We did this a few times so I would suggest the fuel consumption is very similar.


----------



## hogan (Oct 31, 2006)

Mpg will roughly be the same.the 2.8 is a little more refined,quieter,and has more torque .


----------



## Brock (Jun 14, 2005)

Just got rid of my 8 year old Hymer 544 with the 2.8 and L shaped lounge. Lovely machine. Averaged 28mpg at a steady pace with occasional sorties up to just over 30mpg on long distance cross country routes. Effortless to drive. Check to see if there are any outstanding recalls. Mine had a recall. Can't remember why but I ended p with a more accurate speedo and new odometer reading.

I've only had the 2.5 in a coachbuilt so cannot make a fair comparison. I did managed 27mpg though.

I'd go for the newer 2.8 engine.


----------



## boringfrog (Sep 22, 2006)

I would go for the 2.8, there are two types though, the idTD, which is the older engine and the Jtd which is the more modern HDi type and probably smoother. 
link


----------



## Mikemoss (Sep 5, 2005)

Our current motorhome has the 2.5 tdi cat, and the previous one had the 2.8jtd. Both were powering motorhomes with roughly the same layout and roughly the same weight.

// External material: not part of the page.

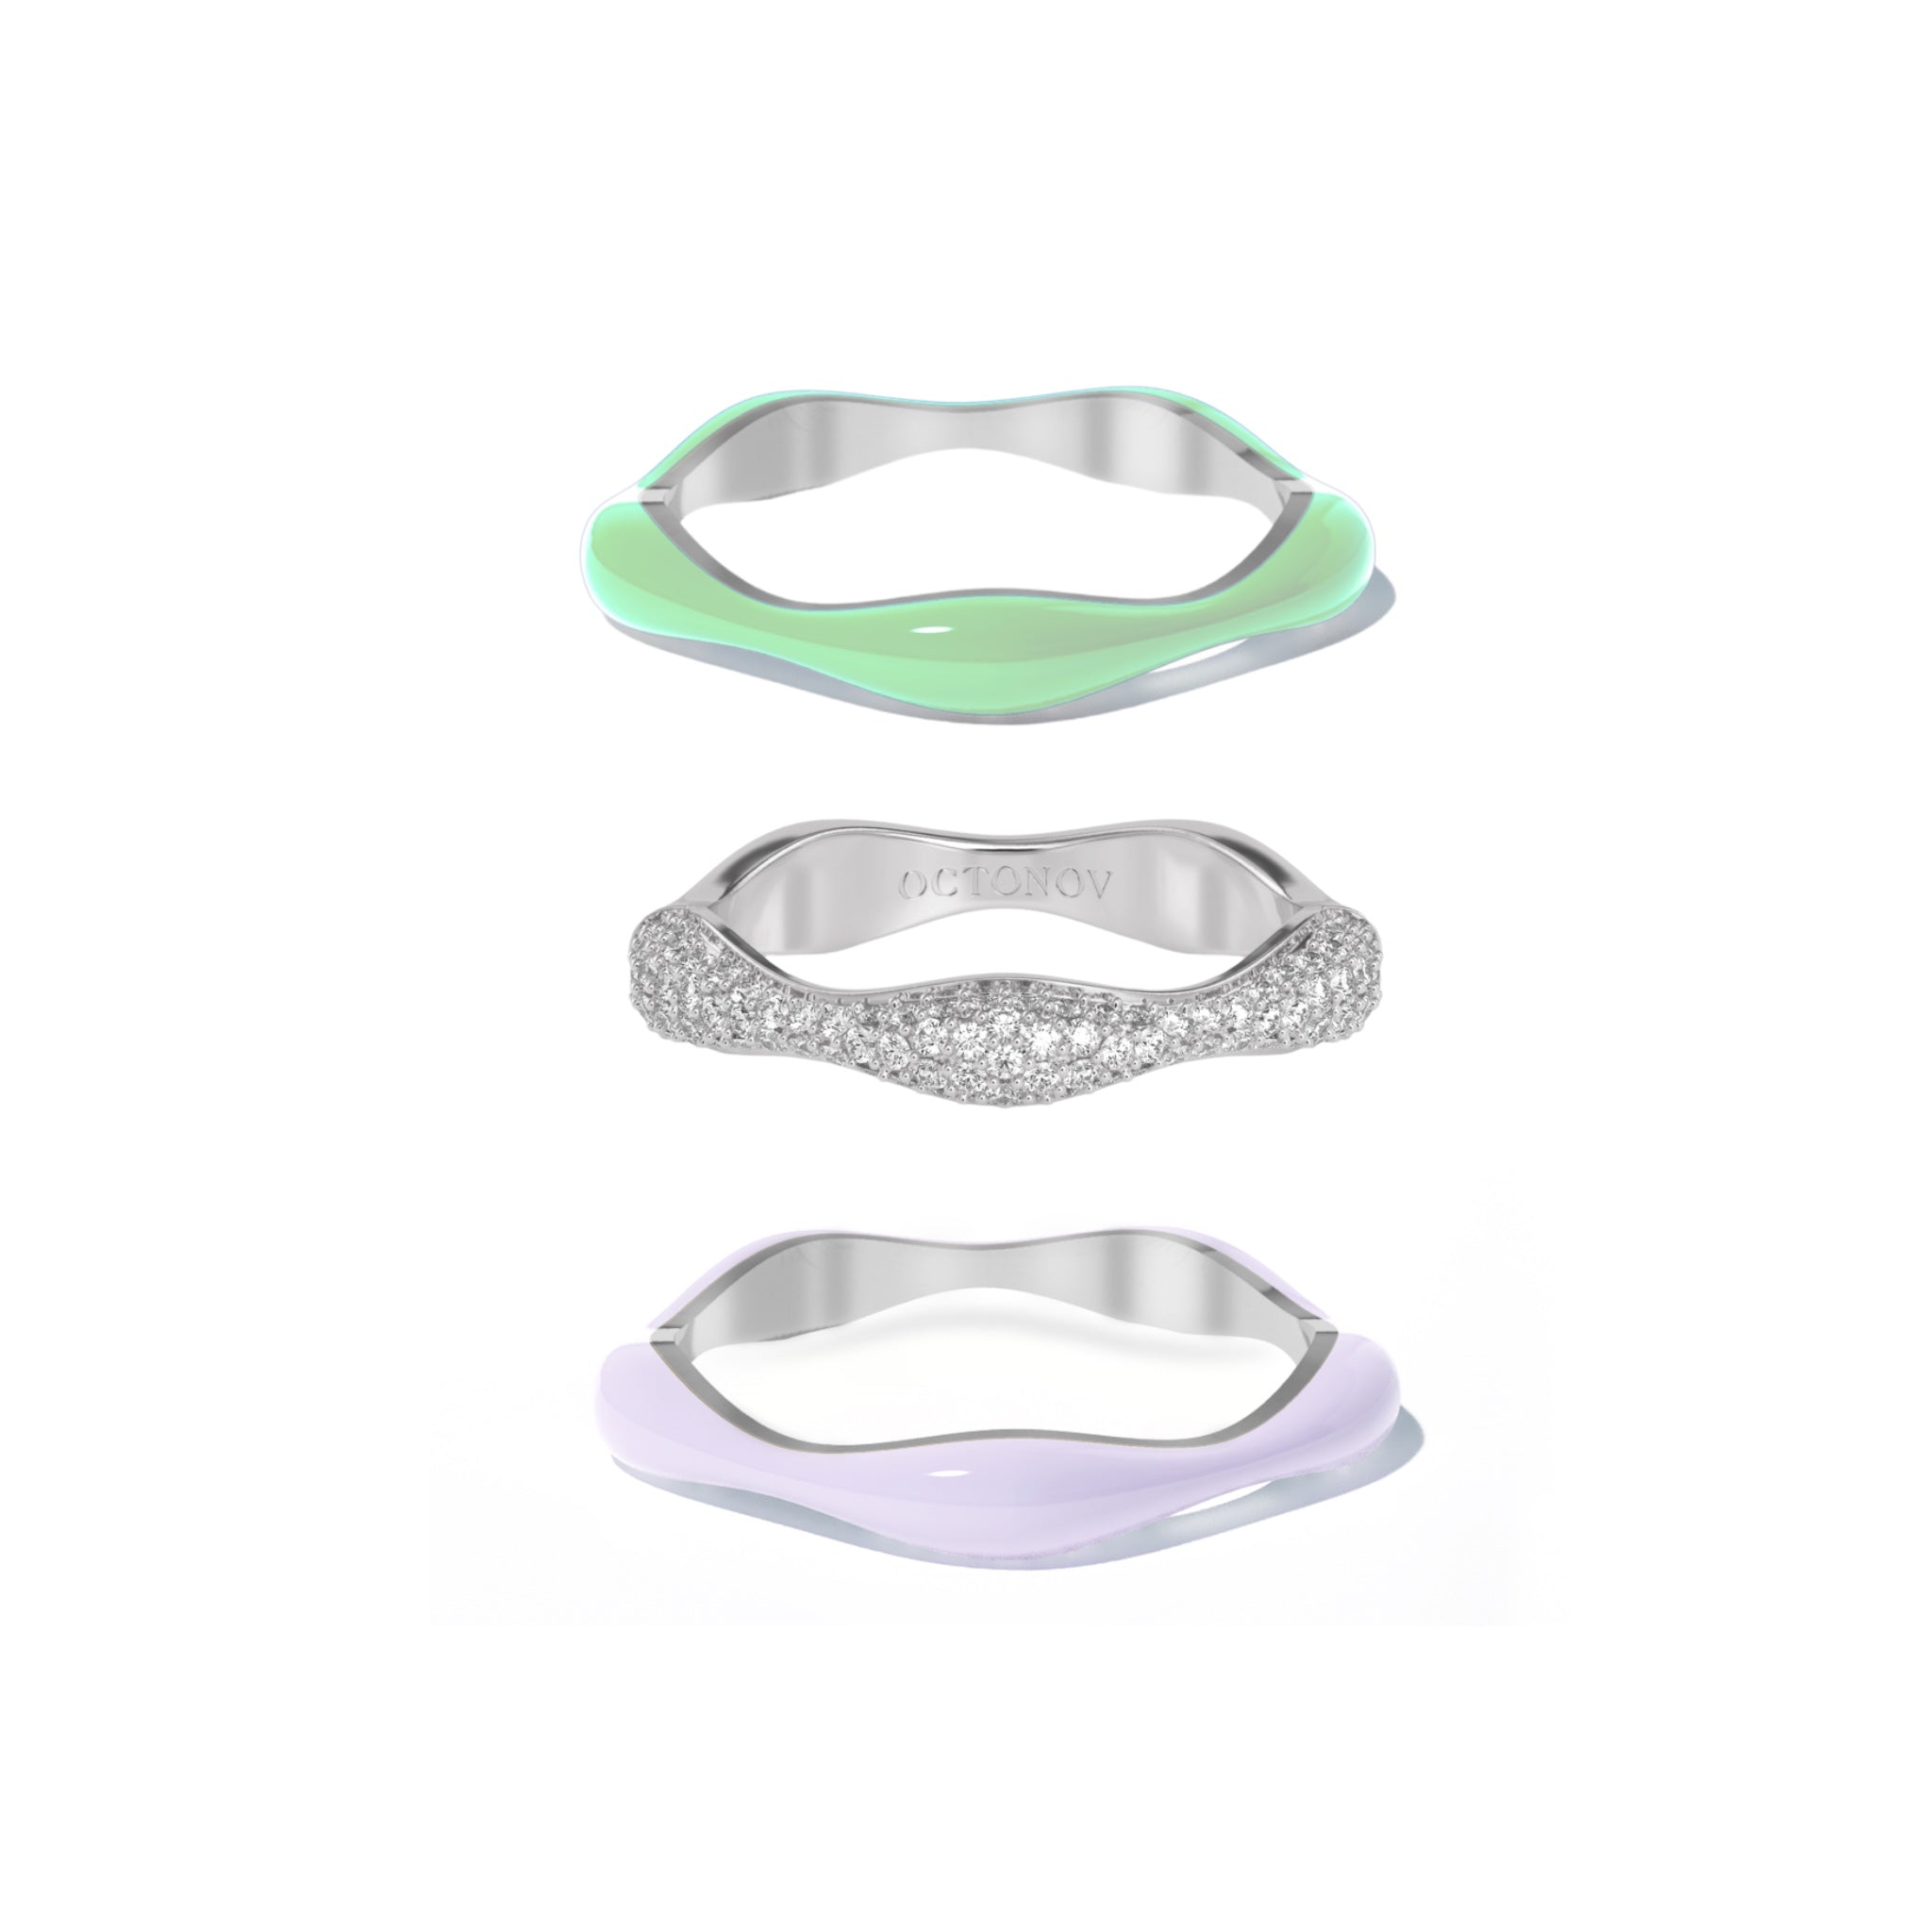 Sorbet Swirls Lavender & Matcha Green Enamel & Diamond Swirls Stacker Ring Set of 3 - Octonov

Of the two, I have to say I slightly prefer the 2.5 tdi - it's a little more gruff, but pulls well and holds 5th gear at slightly lower speeds (remember to let the engine warm up well before engaging 5th!).

The 2.8 was a little quieter, and couldn't hold 5th gear below about 55mph.

I'd be happy to have either again, both seemed equally reliable and pleasant to drive, and mpg was pretty much the same at mid to high 20s.

Faced with making the same choice, I'd go for the motorhome which I preferred and ignore the difference in engines (so long as they've both been well serviced and appear in good fettle).


----------



## Geriatricbackpacker (Aug 21, 2012)

We have a 2001 B584 with the early 2.8 engine. 
We find that in running order we are on our maximum weight limit and the 2.8 copes admirably even in the Alps. I don't tend drive faster than 50-55 mph (2000 revs) as I find it's a comfortable speed for the engine and also keeps the engine noise to a minimum. I would say that the ratio between fourth and fifth gear can be a little taxing as Mikemoss as already highlighted.
We generally avoid motorways and like to drive through the small villages and towns but the van will nip along if required.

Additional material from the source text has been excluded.